The center, operating from University of Iowa’s campus, will bring together faculty from University of Iowa’s education, nursing, social work, psychiatry and public health departments and from other Regents institutions, Clay said. He anticipates the University of Iowa will hire additional faculty to help teach school counselors and psychologists. The center will also employ additional clinical and consultation professionals to help intervene in crises, especially those where a community is dealing with a tragedy together.

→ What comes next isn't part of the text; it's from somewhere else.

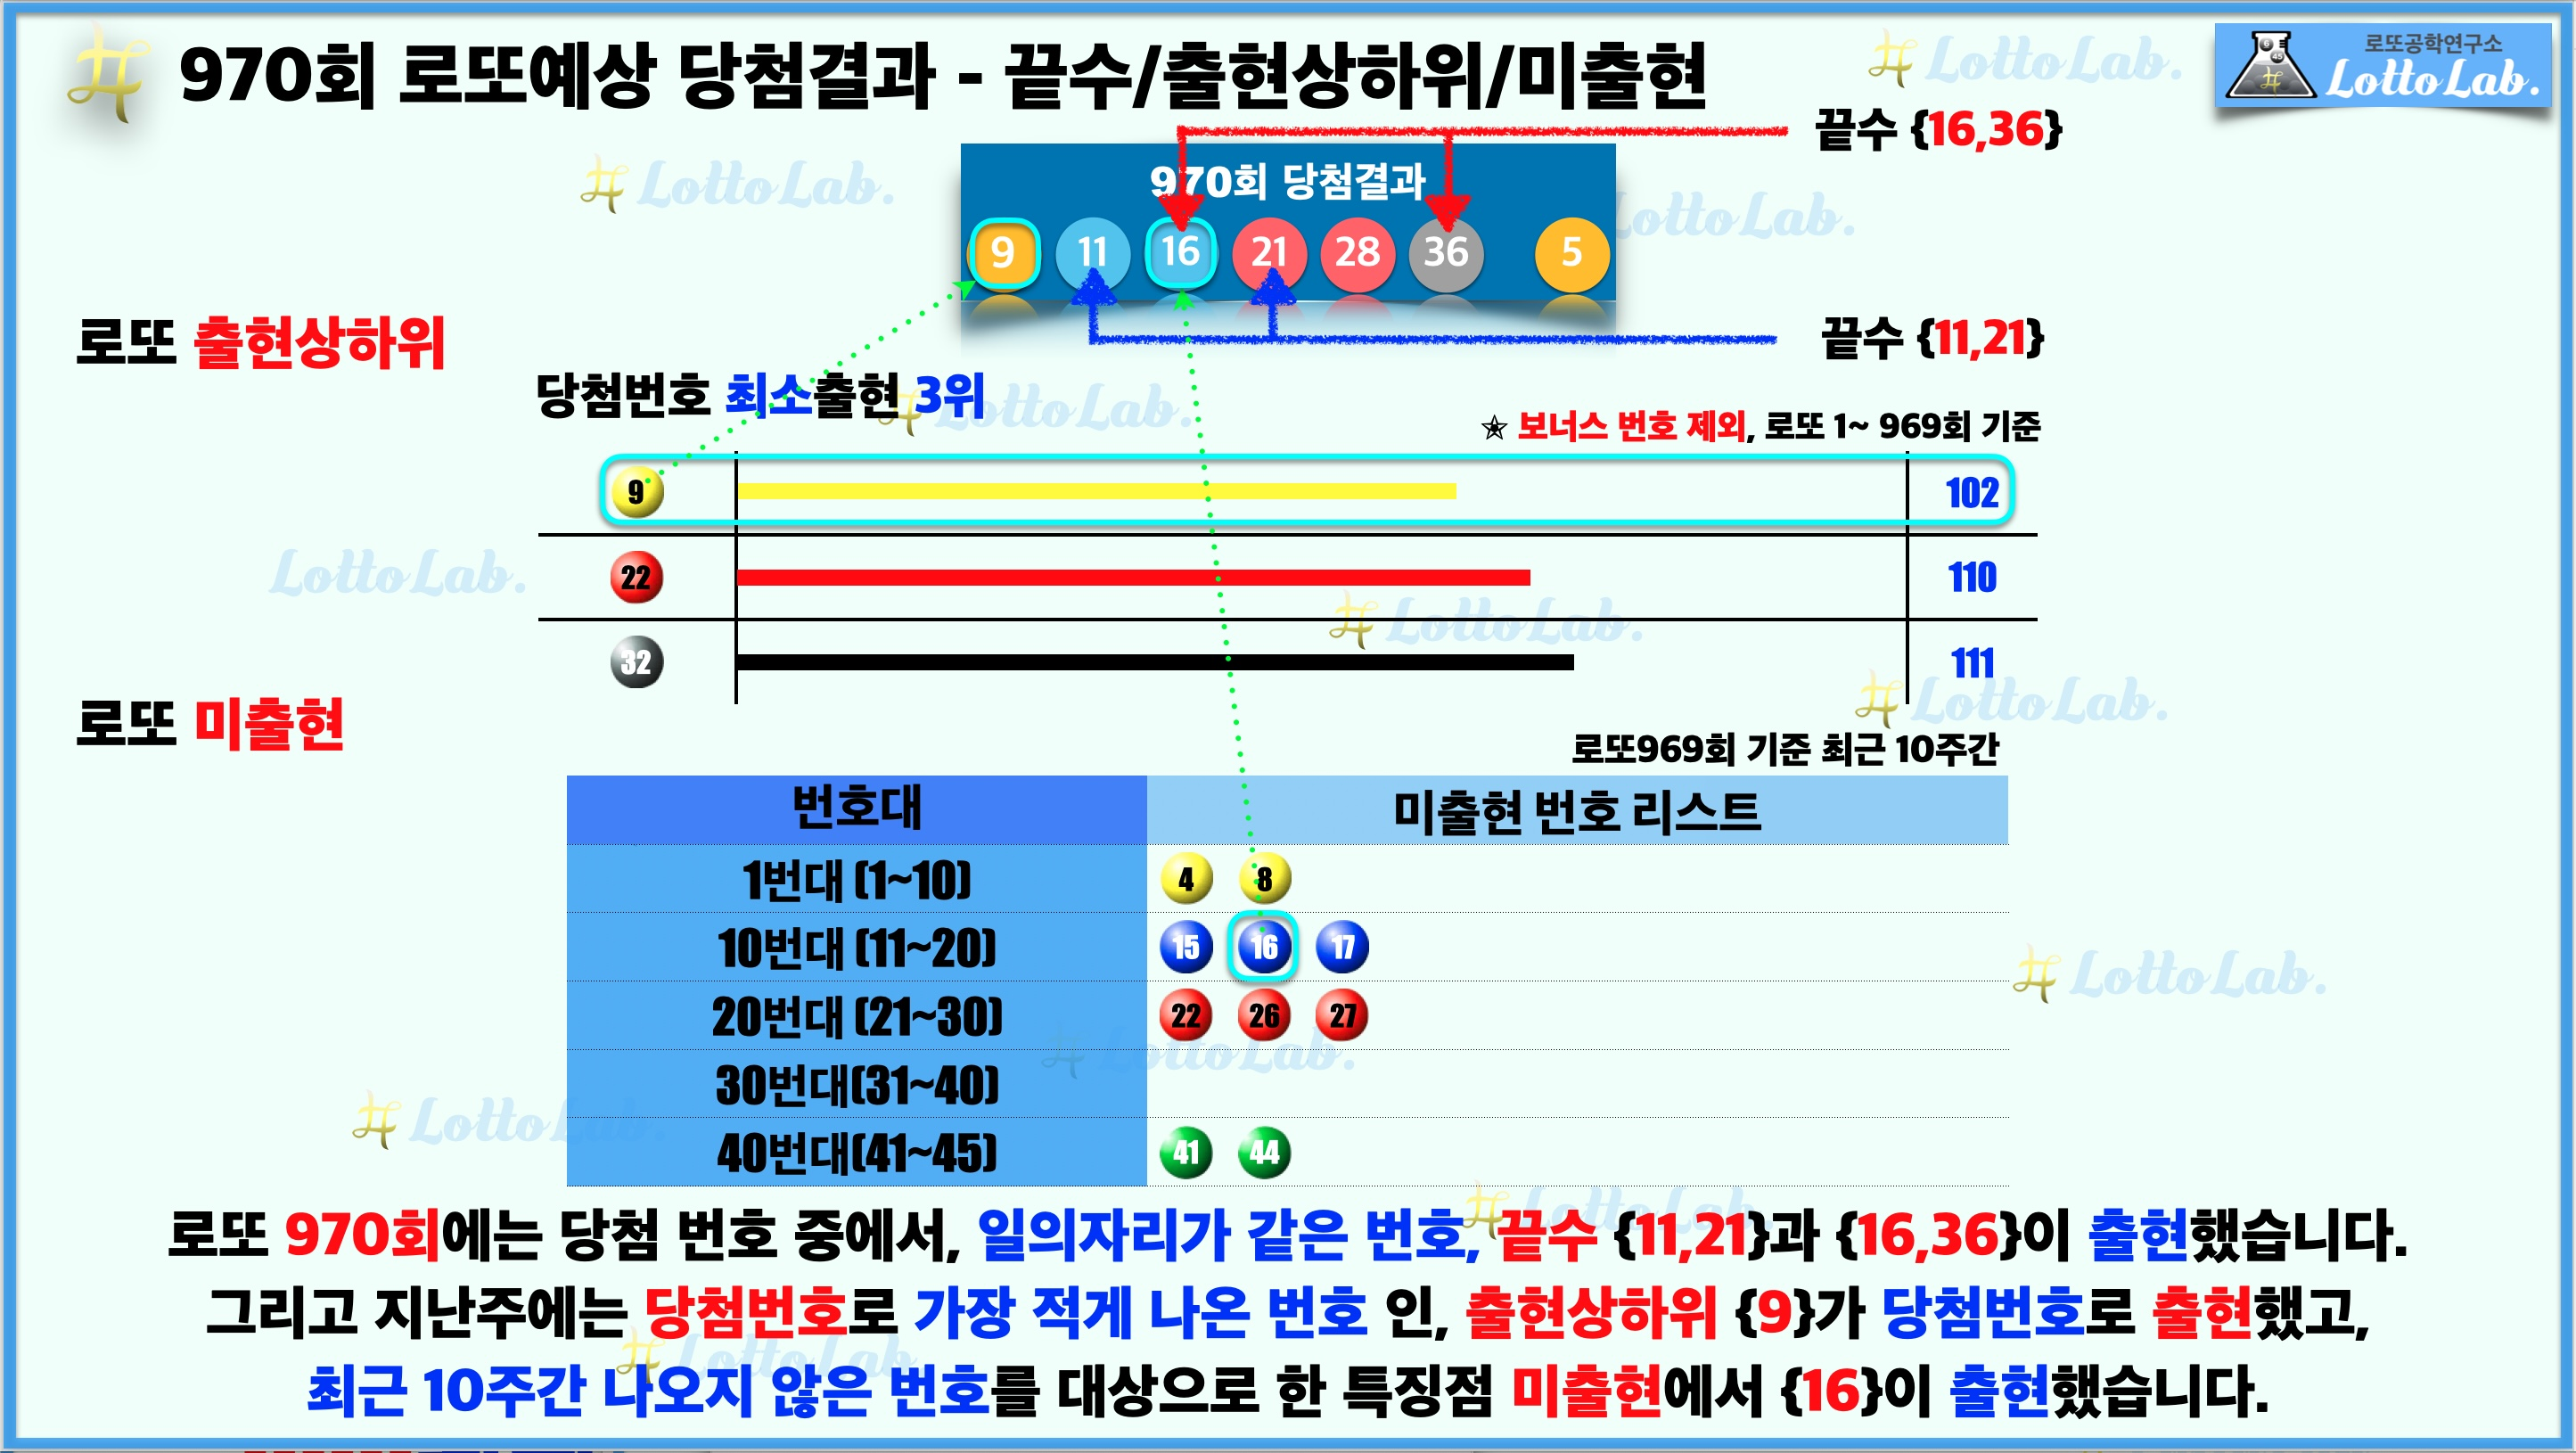 로또랩 로또970 예상결과 - 끝수 출현상하위 미출현

“The principal and the school counselors may be a part of the traumatized group of individuals,” Clay said. “They wouldn’t be able to lead a trauma response because they were also a victim.”

Reynolds, Clay and Ann Lebo, director of the Iowa Department of Education, emphasized that mental health resources were essential as teachers and students process the COVID-19 pandemic.

“Depression, anxiety has been a real challenge for the kids in our schools prior to COVID,” Clay said. “I think the social isolation and the stress of that pandemic has really exacerbated the mental health issues.”

The department will use federal money from the Elementary and Secondary School Emergency Relief (ESSER ll) Fund to start the program. Clay said he hopes the center will become financially sustainable through faculty research grants and charitable donations.

The Department of Education will also allocate an additional $10 million in federal funds to the Waterloo and Council Bluffs school districts, Reynolds announced Wednesday.

The Waterloo Community School District plans to use $3 million to address the achievement gap between white students and students of color.

“Even when a district controls for poverty and other differentiating factors, our white students still outperform our Black and brown students … We must fully commit ourselves to changing these outcomes,” Superintendent Jane Lindaman said.

Lindaman said Waterloo teachers and staff will work with the Department of Education this summer to create a plan for the upcoming school year. She anticipates the new funding will go toward growing existing programs like implicit bias training for teachers, as well as providing additional instruction for minority students, bringing in expert speakers and examining curricula for cultural biases.

Reynolds did not commit to funding the pilot programs with state money after the federal assistance runs out.